[Excerpted records — start]
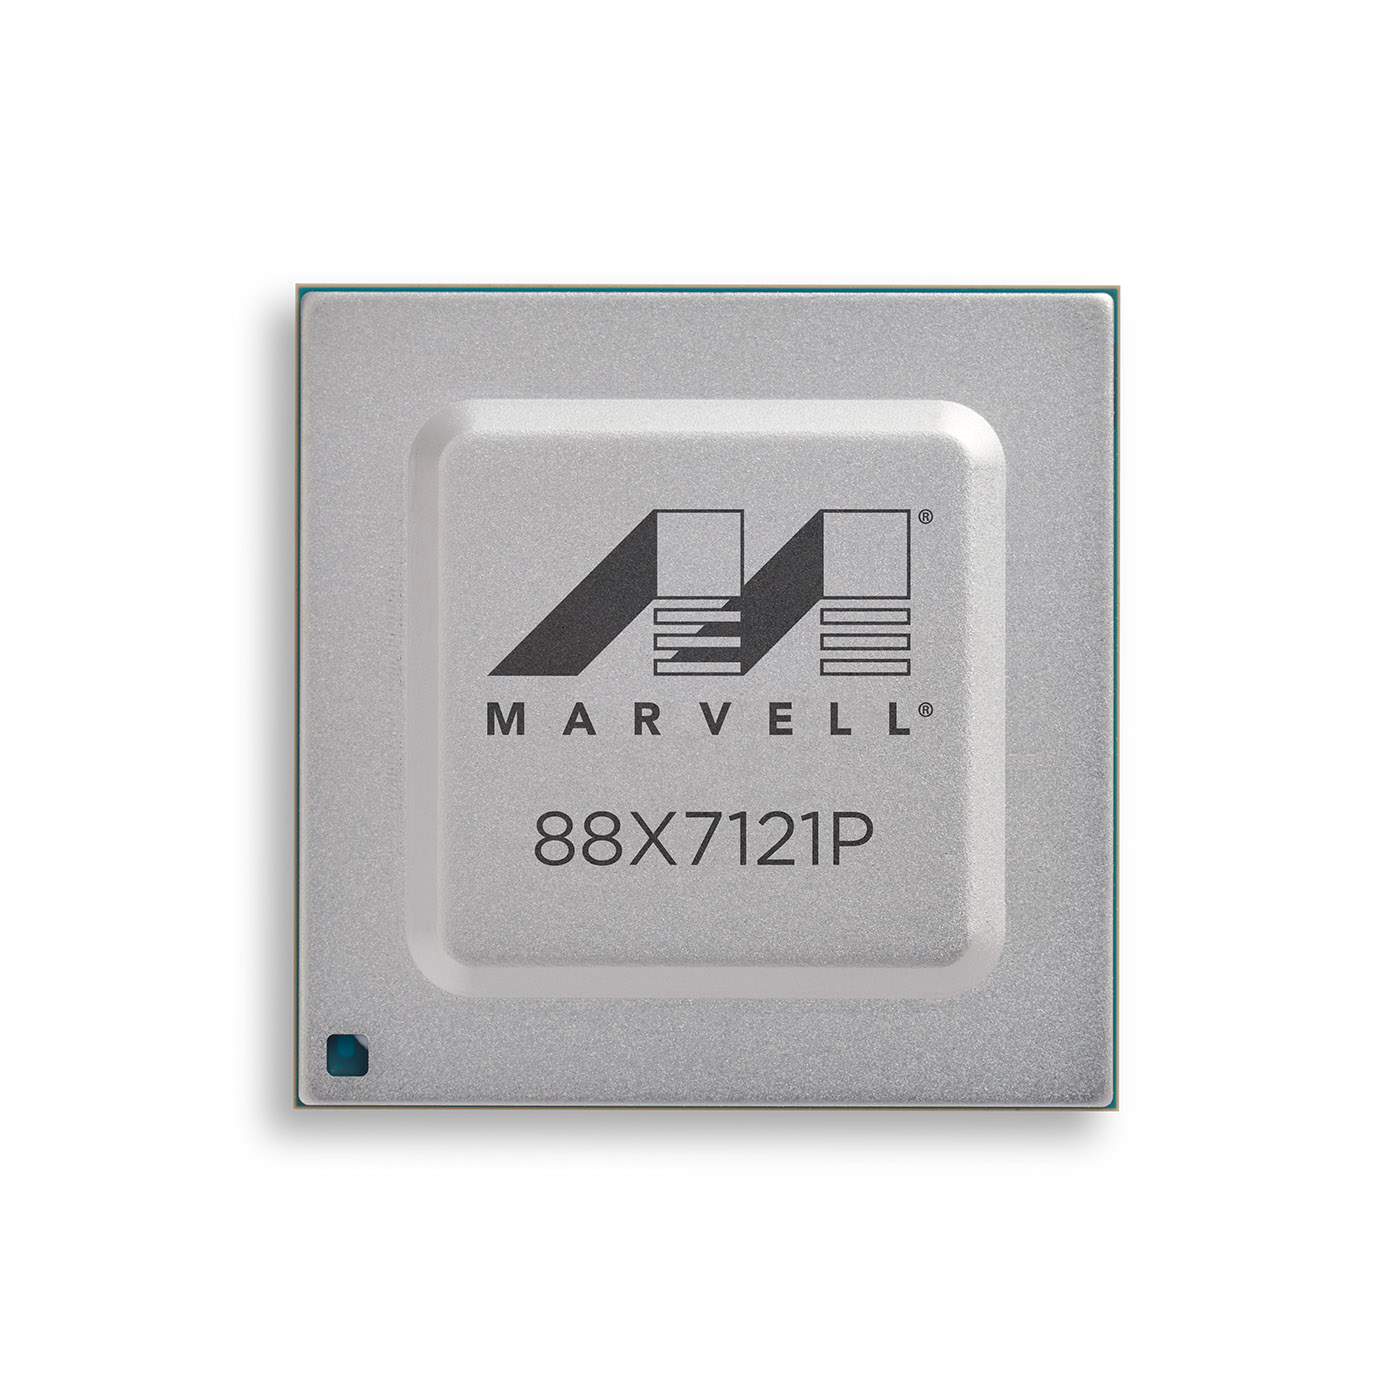 Marvell发布面向数据中心和5G基础设施的双端口400GbE MACsec PHY
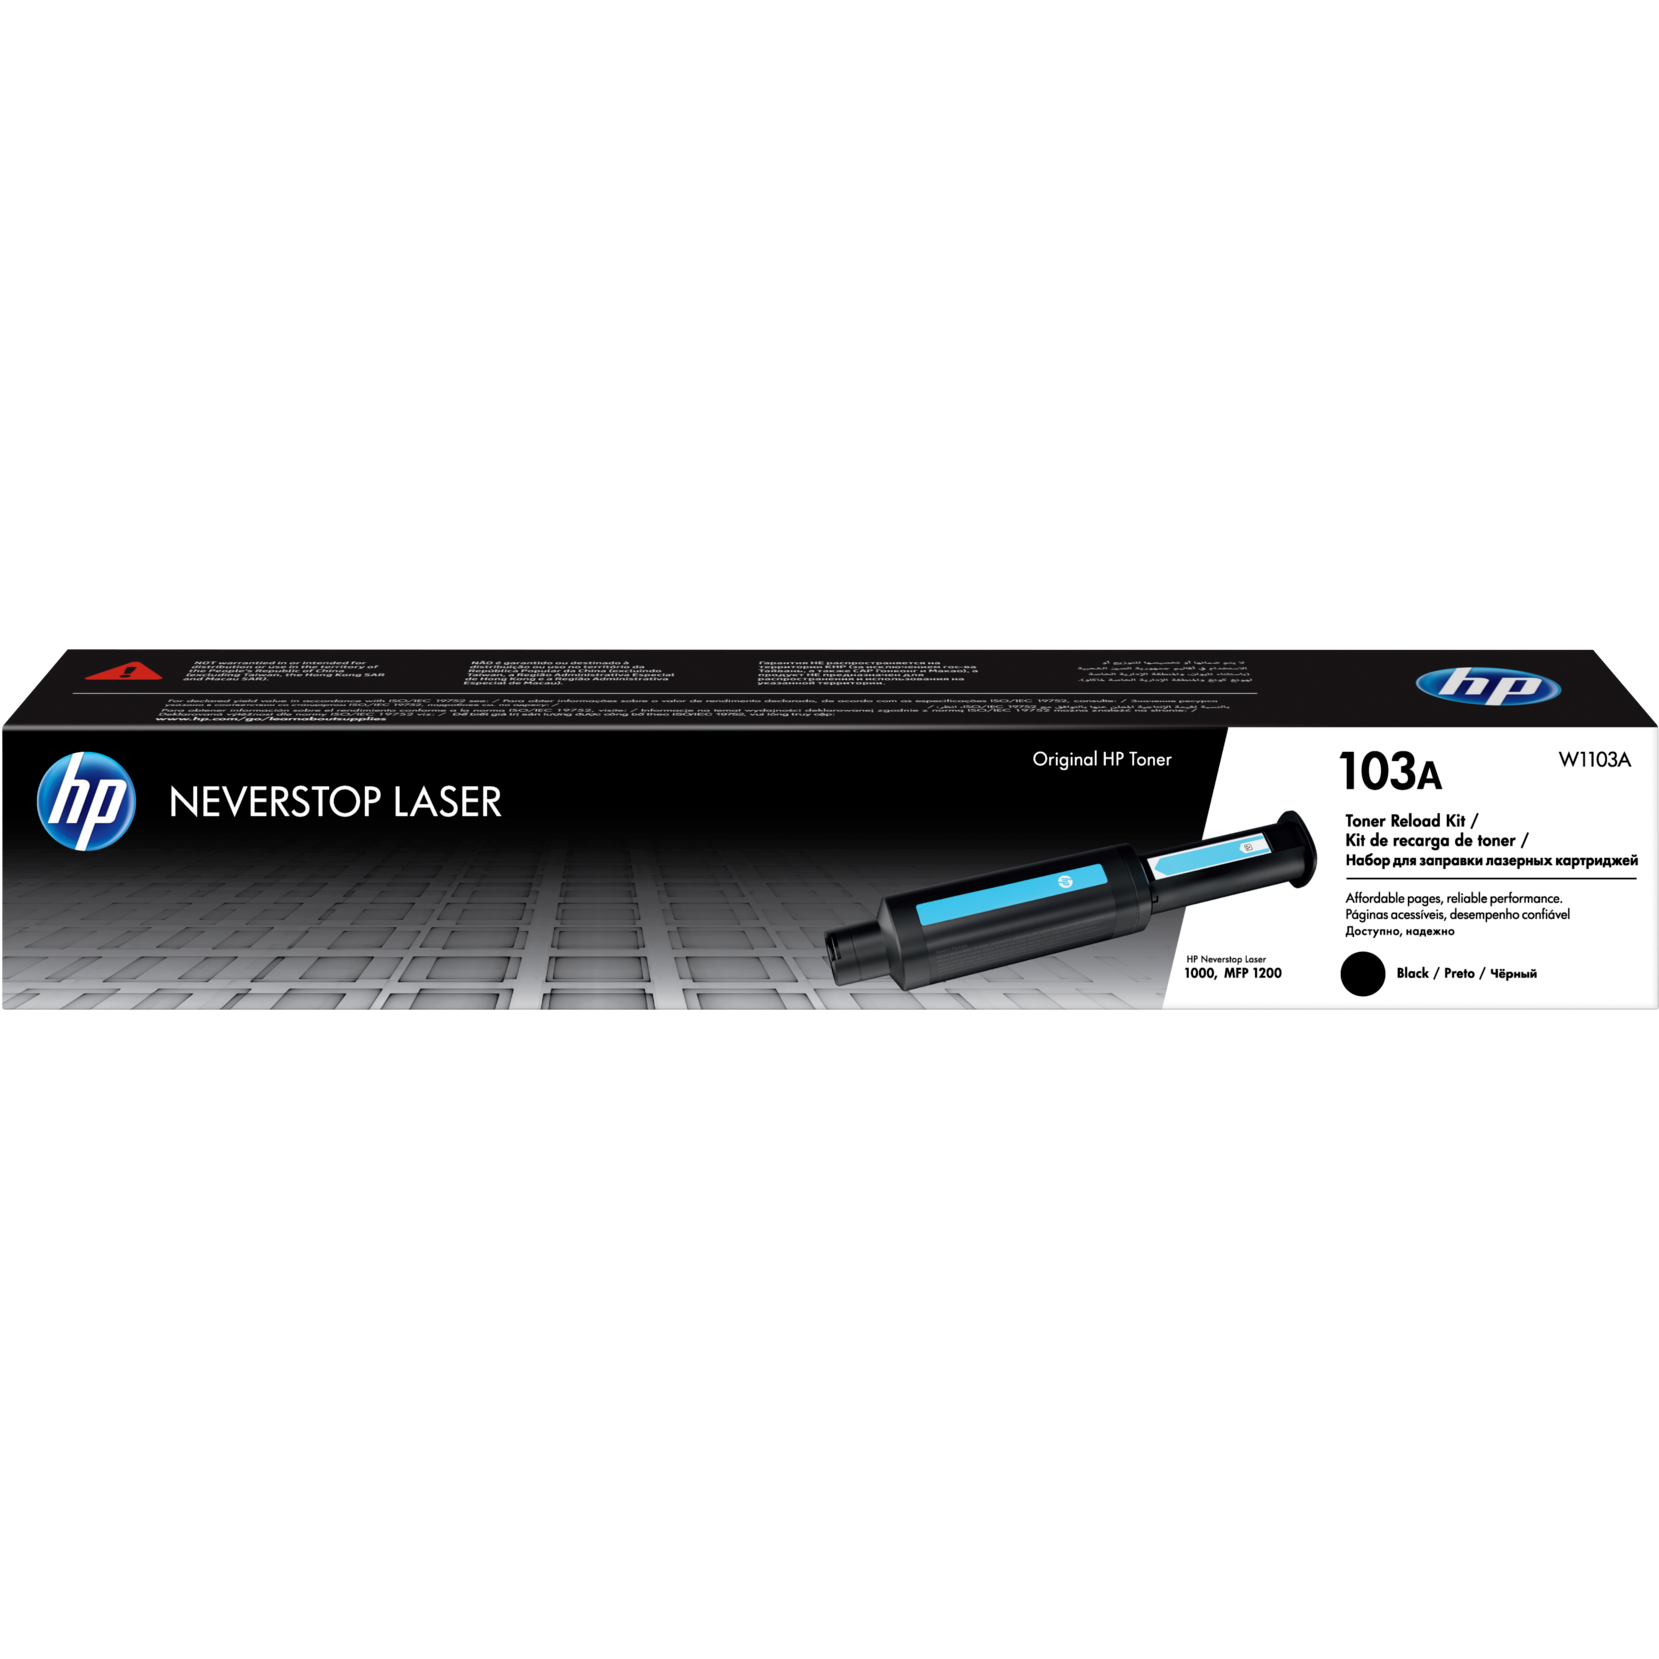 Toner HP W1103A, Neverstop Laser MFP 1200, 1000, black, 103A, originál
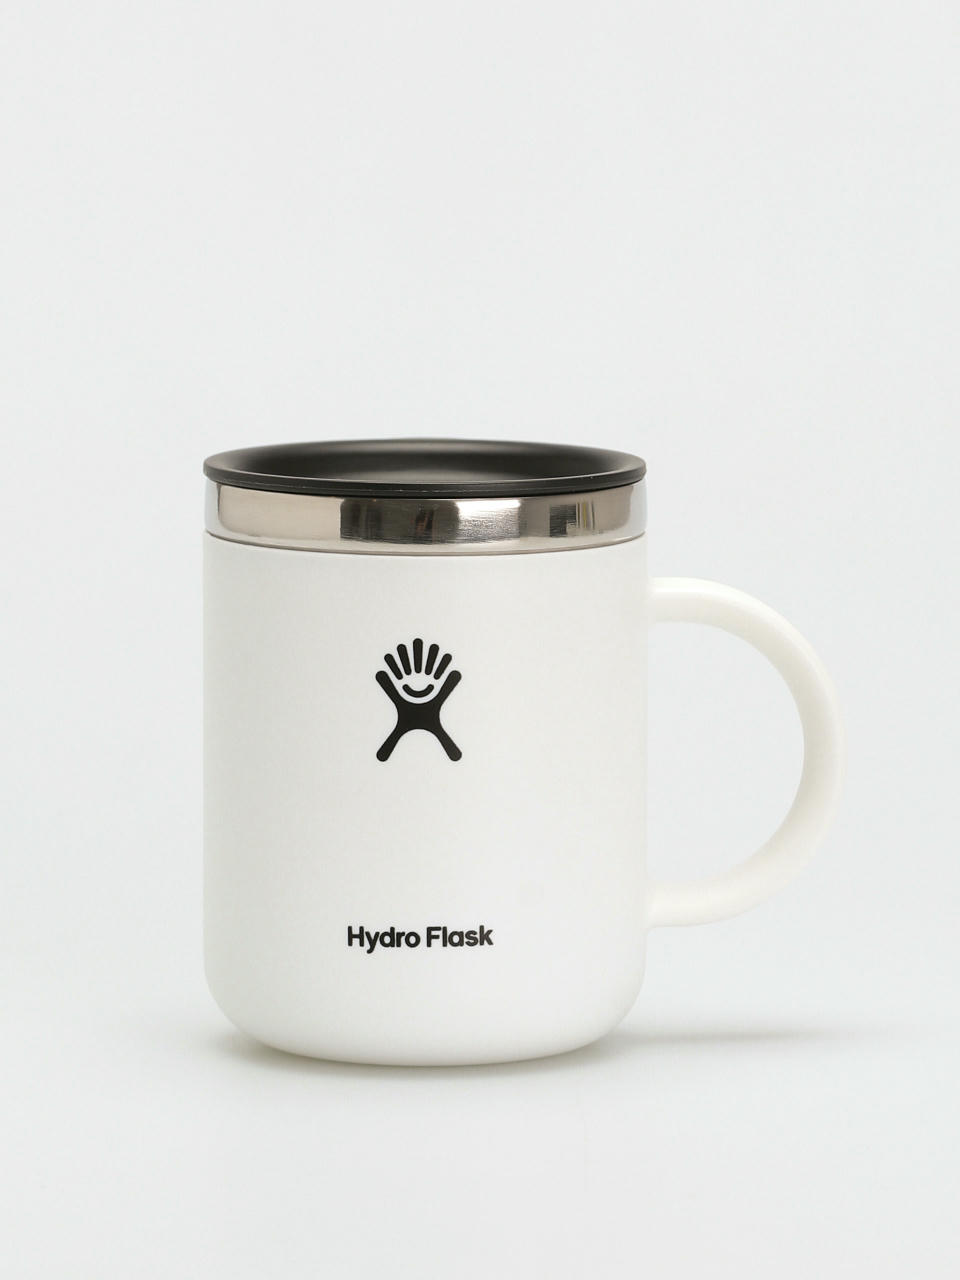 https://static.super-shop.com/1303909-hydro-flask-coffee-mug-354ml-white.jpg?w=960
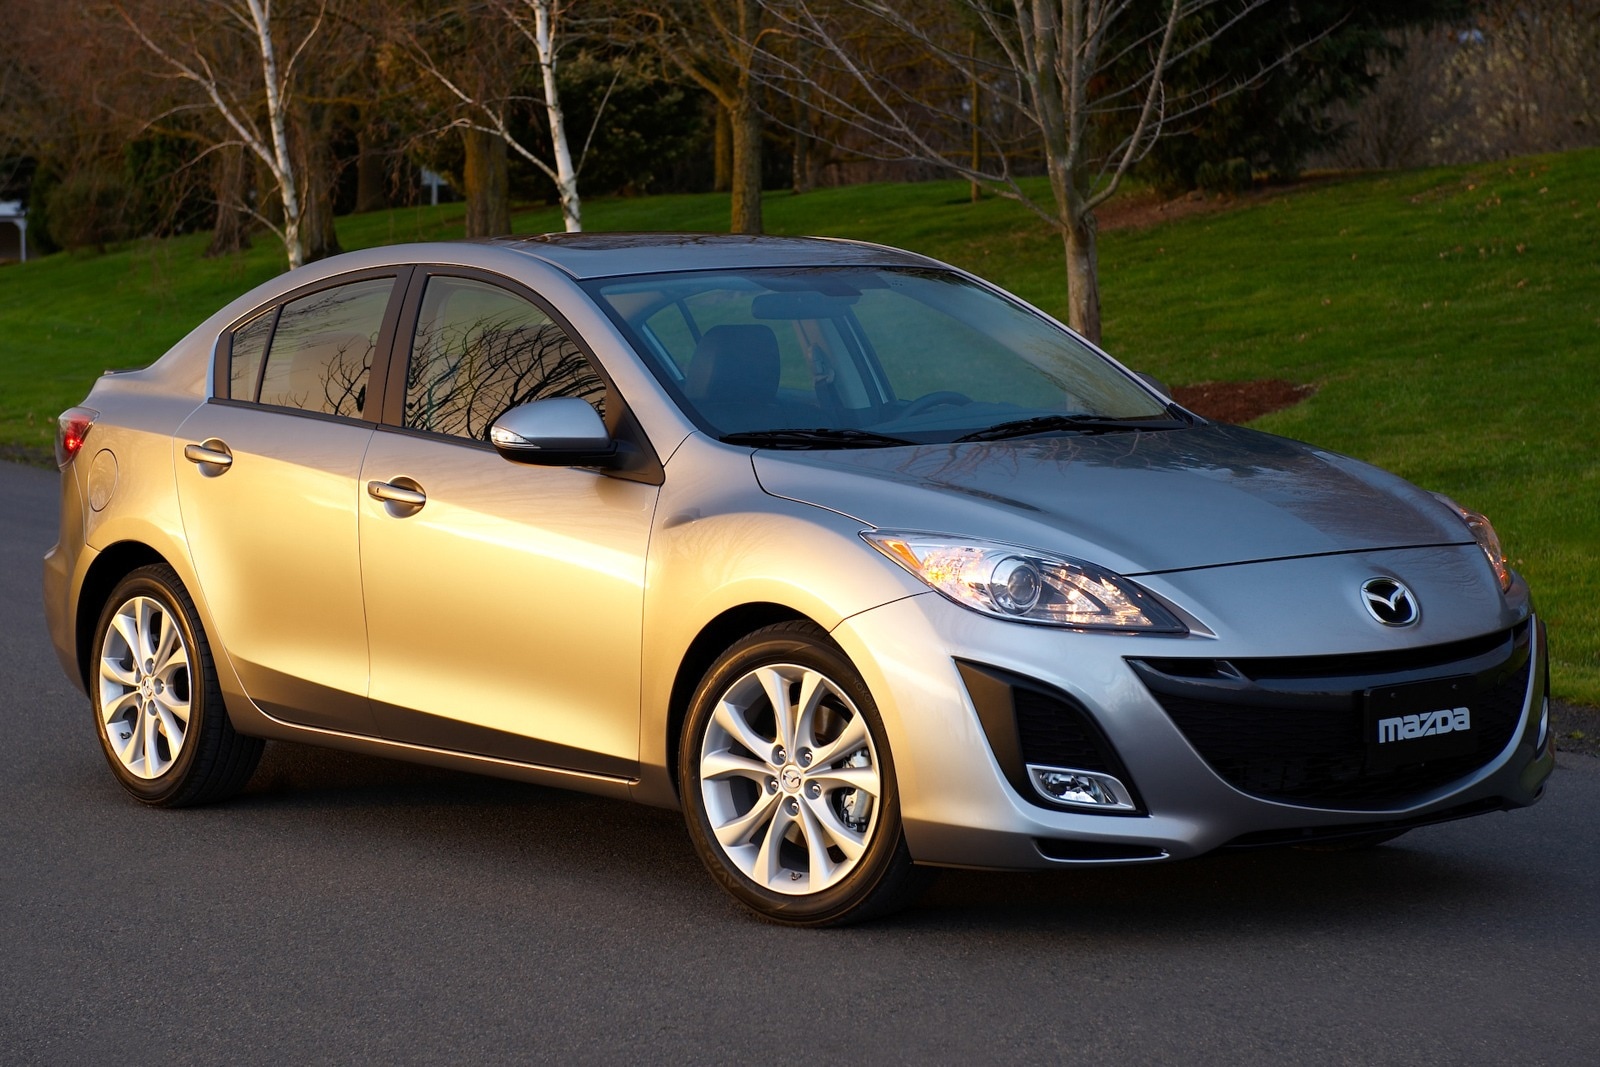 2010 Mazda 3 Review & Ratings | Edmunds
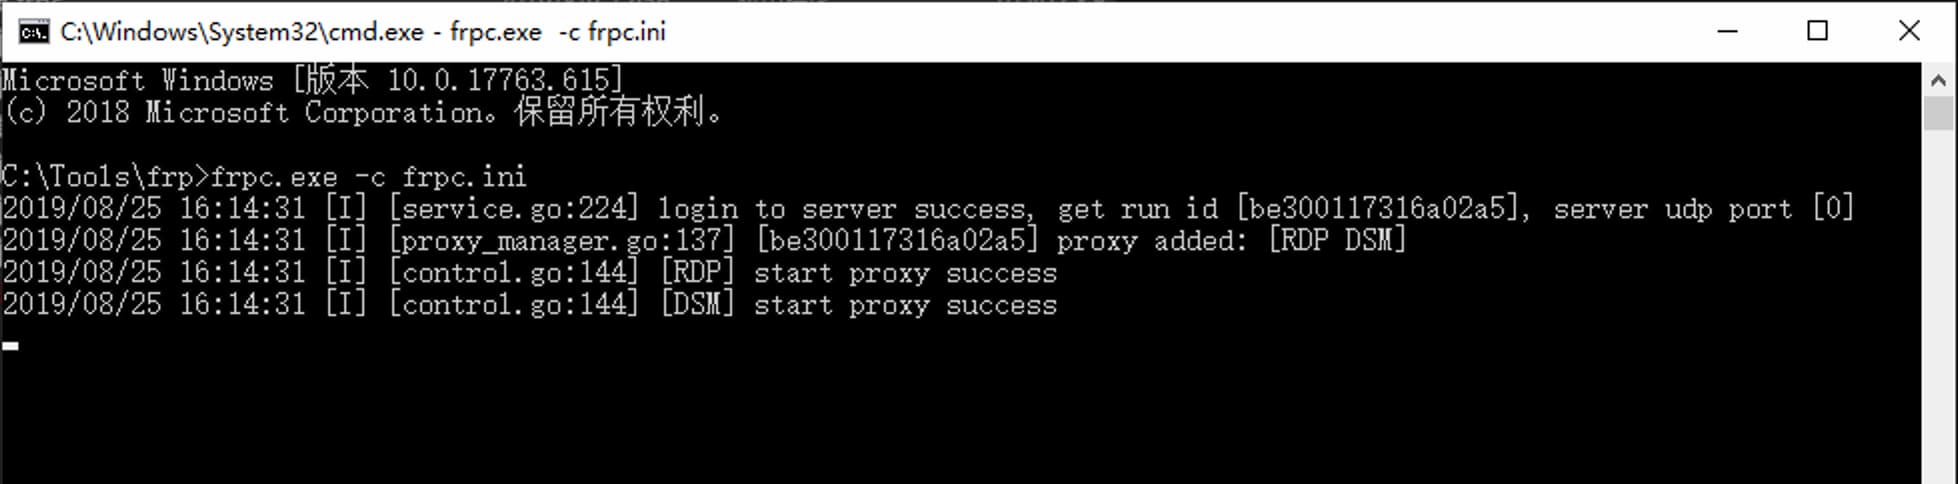 EasyService - 让程序以 Windows 系统服务的方式，无窗口运行 2
[Excerpted records — finish]
→ Your instructions
Leave every picture out and retype exactly the lines of the records above from the one holding "Toner HP W1103A, Neverstop" through the last, both ends included and nothing besides.

→ Solution
 Toner HP W1103A, Neverstop Laser MFP 1200, 1000, black, 103A, originál
 https://static.super-shop.com/1303909-hydro-flask-coffee-mug-354ml-white.jpg?w=960
 2010 Mazda 3 Review & Ratings | Edmunds
 EasyService - 让程序以 Windows 系统服务的方式，无窗口运行 2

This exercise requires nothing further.